### Importing and installing the required libraries
This Notebook gets the data from the Wikipedia about the postcodes, boroughs and neighborhoods of Toronto available at https://en.wikipedia.org/wiki/List_of_postal_codes_of_Canada:_M


In [2]:
import requests
# !pip install beautifulsoup4 ## for reading the data from the website
# !pip install html5lib  # installing the parser required to parse the html files
from bs4 import BeautifulSoup

In [4]:
url = requests.get('https://en.wikipedia.org/wiki/List_of_postal_codes_of_Canada:_M').text
soup = BeautifulSoup(url, 'html5lib')
#print(soup.prettify)  ## this lets you see the tags nesting and identify the table in the html file which is under the class 'wikitable sortable'

In [5]:
# Under the class, we find the layout of the table needed and the table data in html scripting
my_table = soup.find('table', {'class': 'wikitable sortable'})
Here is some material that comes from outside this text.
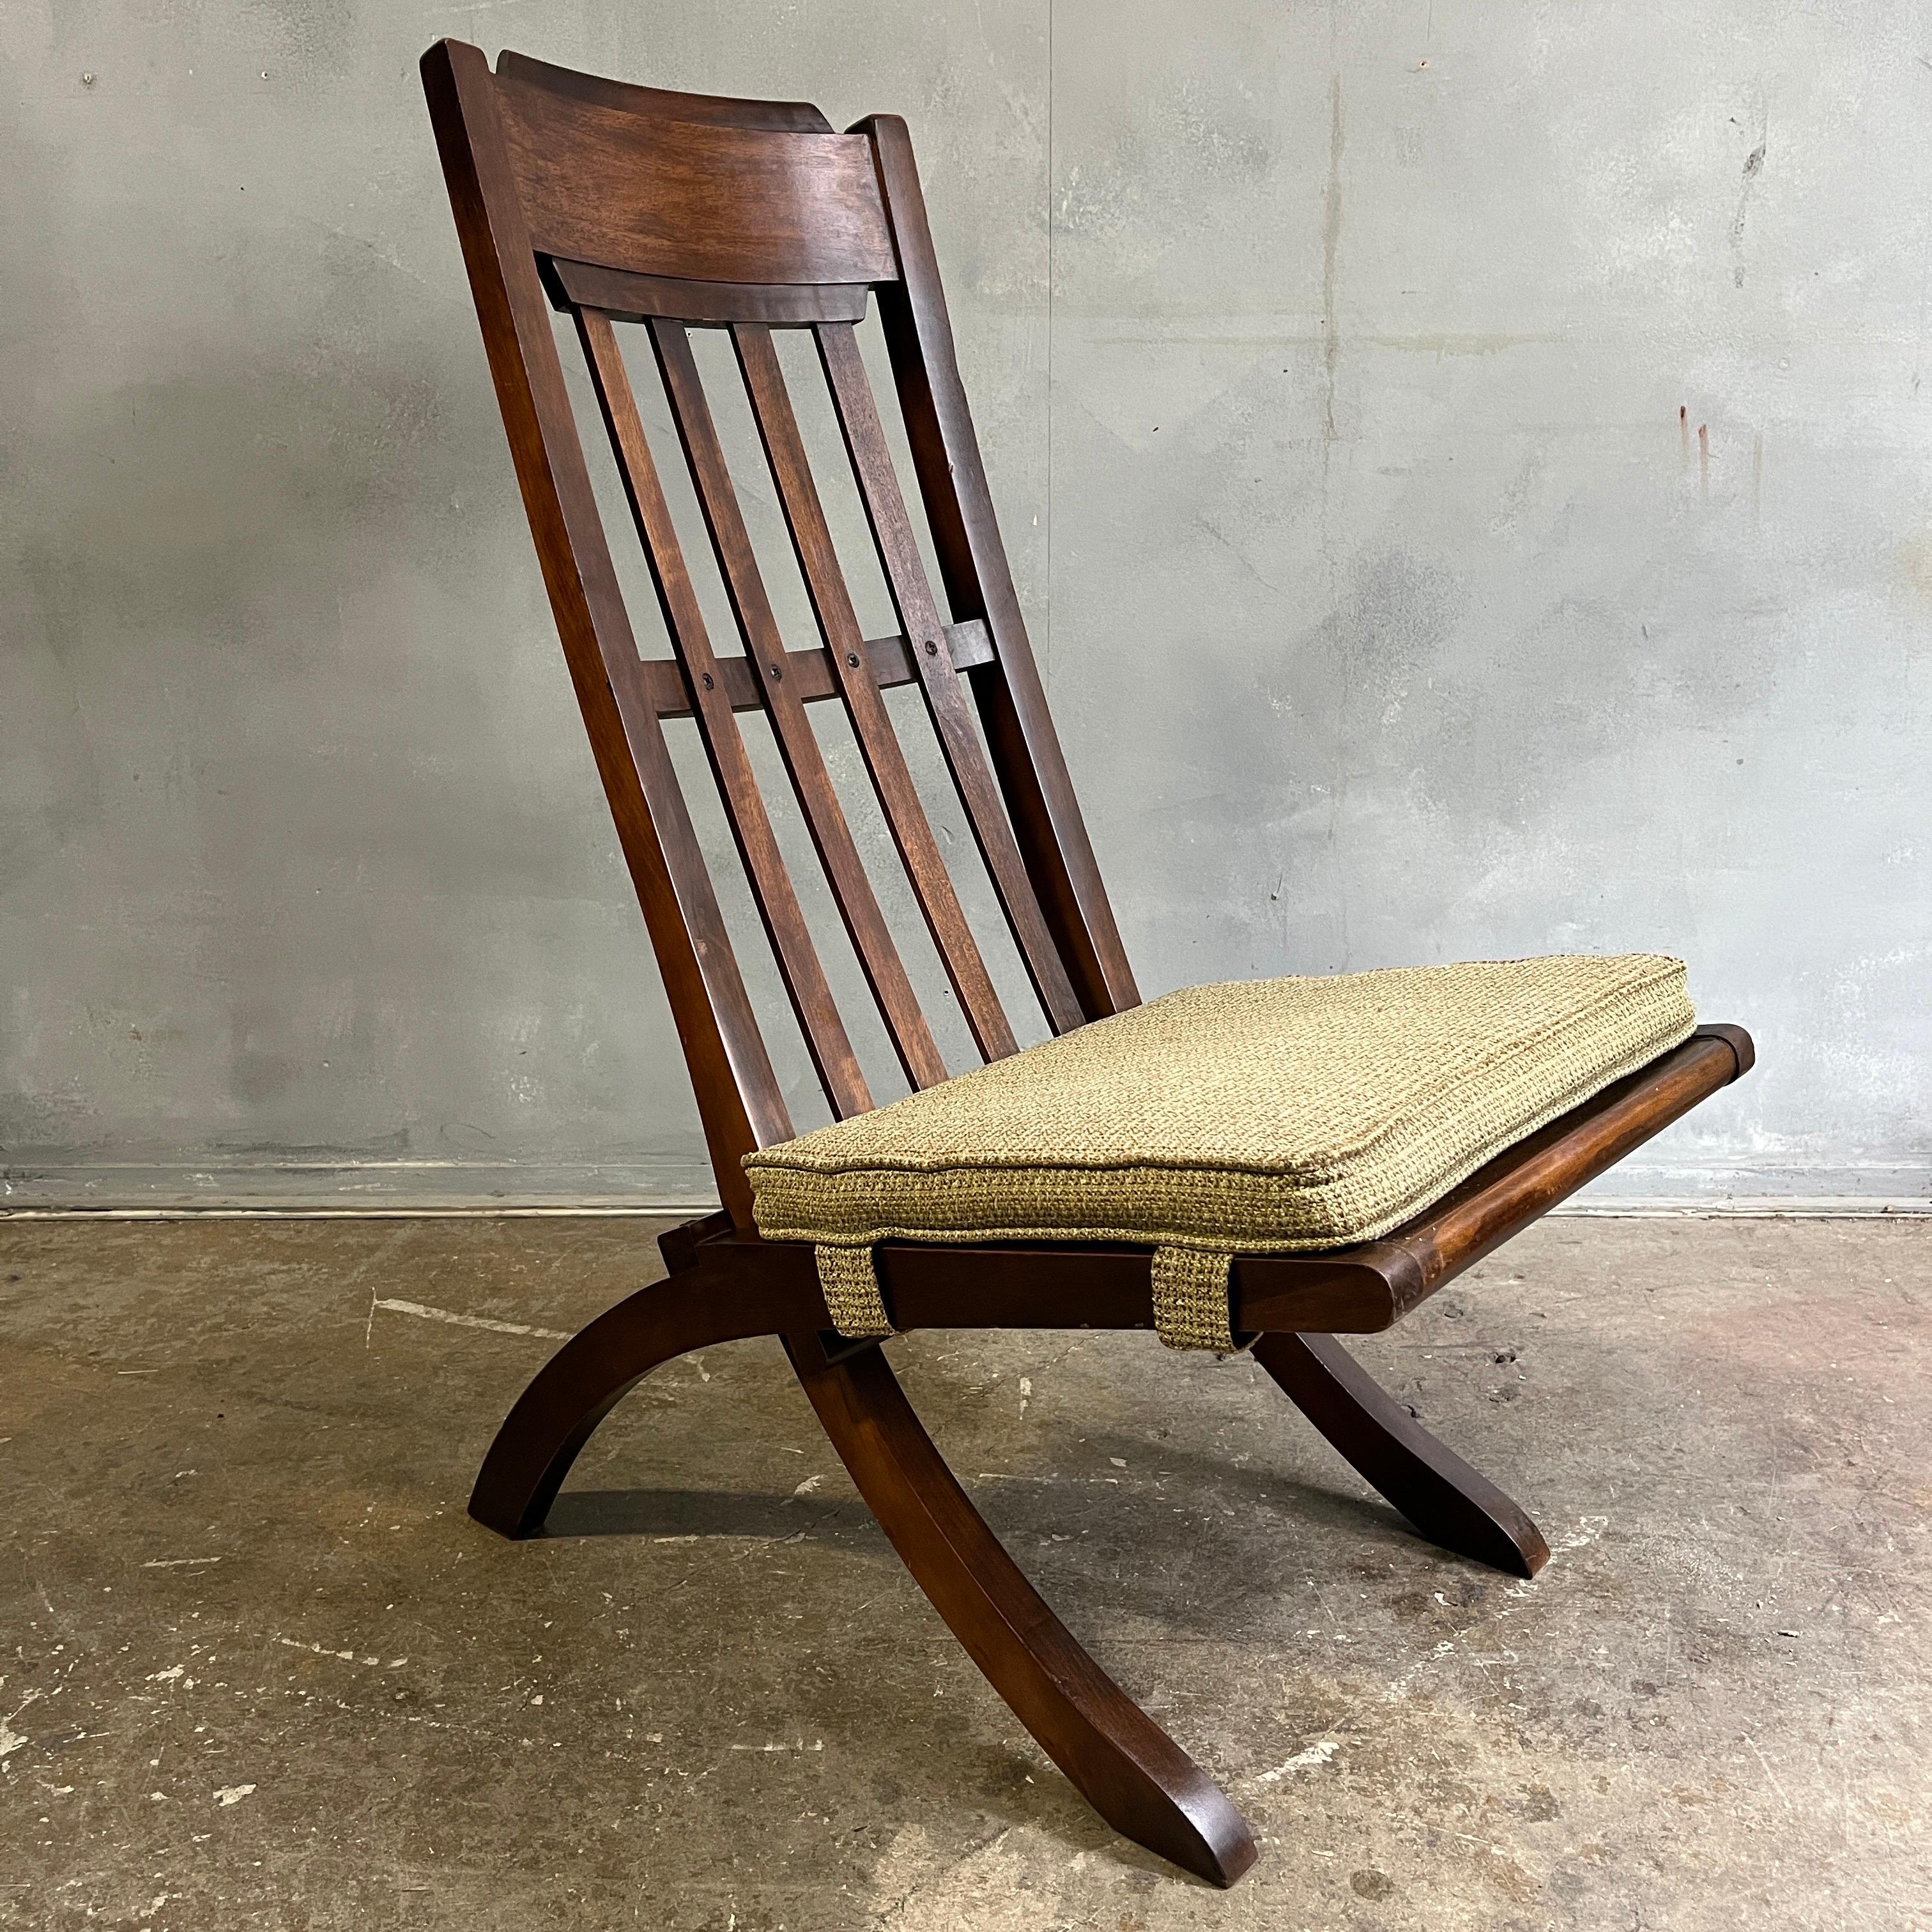 Dieser Sessel Mid-Century Modern aus der Mitte des Jahrhunderts stammt aus der Perspective-Kollektion von Milo Baughman für Drexel aus dem Jahr 1951. Aus exotischem Mindoro-Holz gefertigt, das im Licht schimmert. Dieser Stuhl ist äußerst selten und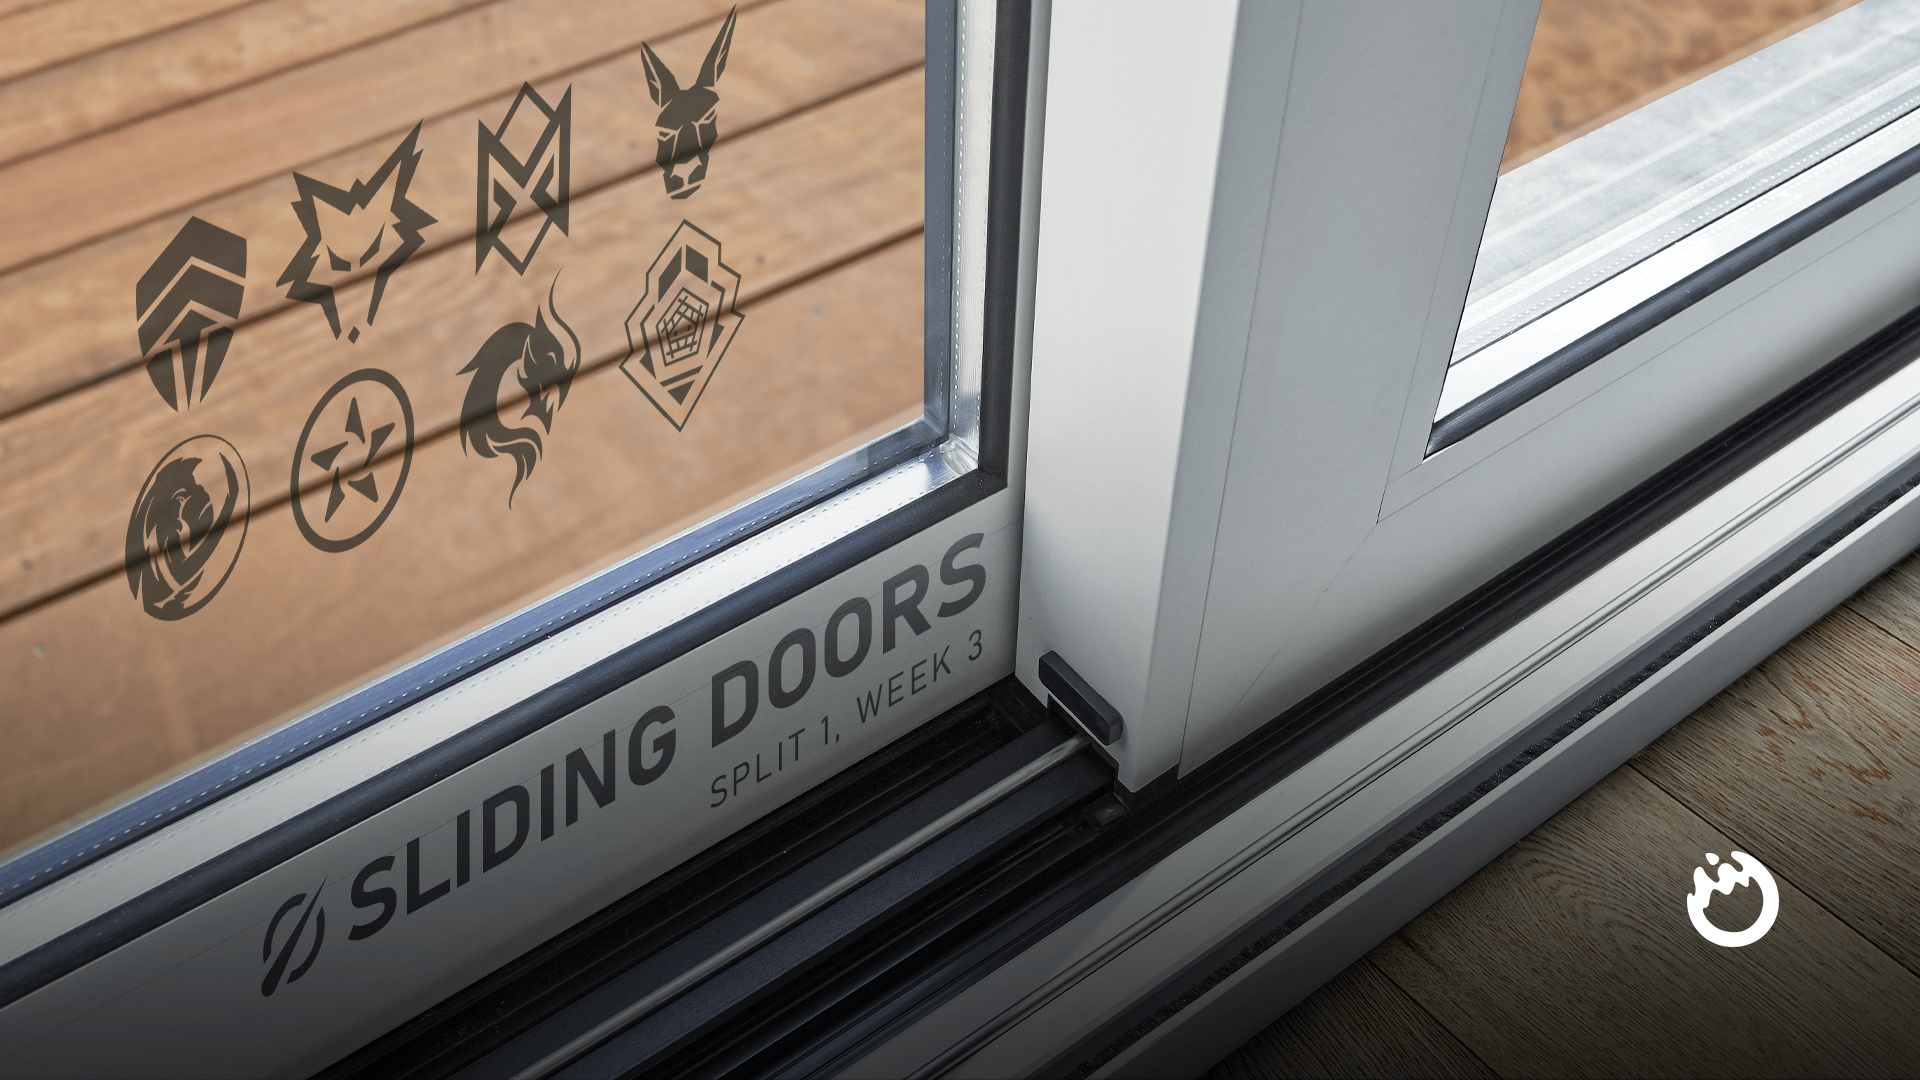 Sliding Doors: LCO 2022 Split 1, Week 3

#### Explanation of the arrangement of table contents in the html file.
Observing carefully, we get to know that the rows are defined between <tr> and </tr> and the cell-values are defined between <td> and </td>.
The name of the boroughs and neighborhoods are defined in links between <a> and </a>.
Ignoring the 'Not Assigned' values of boroughs and asigning the borough name to the neighborhood with 'Not Assigned' value.

In [8]:
# Looking for the rows by tracing 'tr' and getting the rows in the variable 'table_rows'
table_rows = my_table.find_all('tr')

# defining three lists, postcode, borough, neighborhood to store the respective infromation extracted from the html file
postcode = []
borough = []
neighborhood = []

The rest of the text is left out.